I then calculated a function to give the quantile distribution values to use the other fitting methods (qmefit):
qFF <- function(p,a,b,c,A,gamma,pos)
{
qList = c()
axis = seq(1,600,1)
aF = dFF(axis,a,b,c,A,gamma,pos)
arr = histogramCpp(aF) # change data to a histogram format
for(element in 1:length(p)){
q = quantile(arr,p[element], names=FALSE)
qList = c(qList,q)
}
return(qList)
}
Part of this code requires calling the c++ function (by using the library Rcpp):
#include <Rcpp.h>
#include <vector>
#include <math.h>
using namespace Rcpp;
// [[Rcpp::export]]
std::vector<int> histogramCpp(NumericVector x) {
std::vector<int> arr;
double number, fractpart, intpart;
for(int i = 0; i <= 600; i++){
number = (x[i]);
fractpart = modf(number , &intpart);
if(fractpart < 0.5){
number = (int) intpart;
}
if(fractpart >= 0.5){
number = (int) (intpart+1);
}
for(int j = 1; j <= number; j++){
arr.push_back(i);
}
}
return arr;
}
This c++ method just turns the data into a histogram format. If the first element of the vector describing the data is 4 then '1' is added 4 times to the returned vector etc. . This also seems to work as sensible values are returned. plot of the quantile function:
Plot of quantiles returned for probabilities from 0 to 1 in steps of 0.001
The 'qmefit' method can then be attempted through the fitdist function:
fitdist(data,'FF', start = list(0,0.3,-0.0004,70000,13,331), method = 'qme', probs = c(0,0.3,0.4,0.5,0.7,0.9))

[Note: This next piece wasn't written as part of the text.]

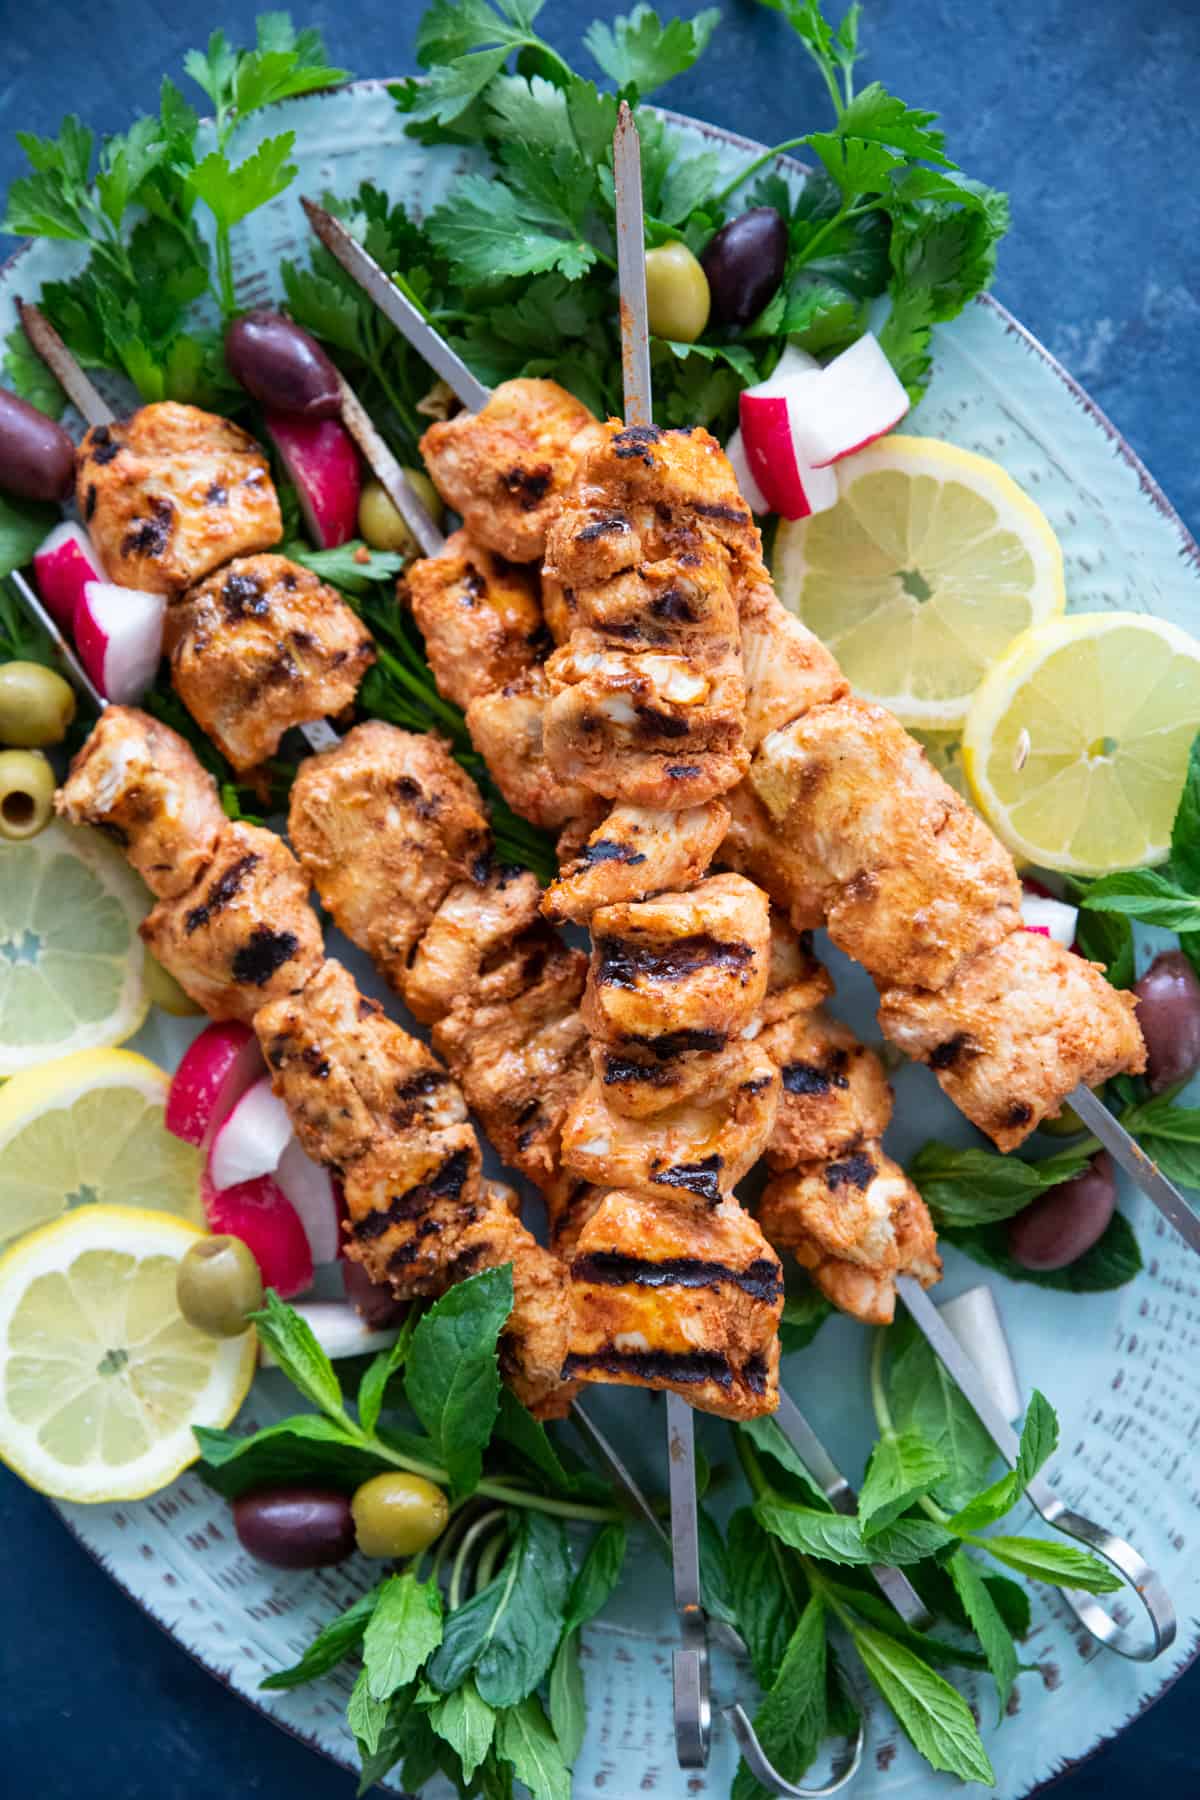 These juicy grilled chicken kabobs are a staple of Mediterranean and Middle Eastern cooking. I've marinated these cubes of chicken in Mediterranean spices and grilled them to perfection. You can easily double or triple this recipe to feed a crowd!

I chose the 'probs' values randomly as I don't fully understand their meaning. This either straight-up crashes the R session or after a brief stuttering returns a list of 'NA' values as estimates and the line <std::bad_alloc : std::bad_alloc>
I am not sure if I am making a basic mistake here and any help or recommendations are appreciated.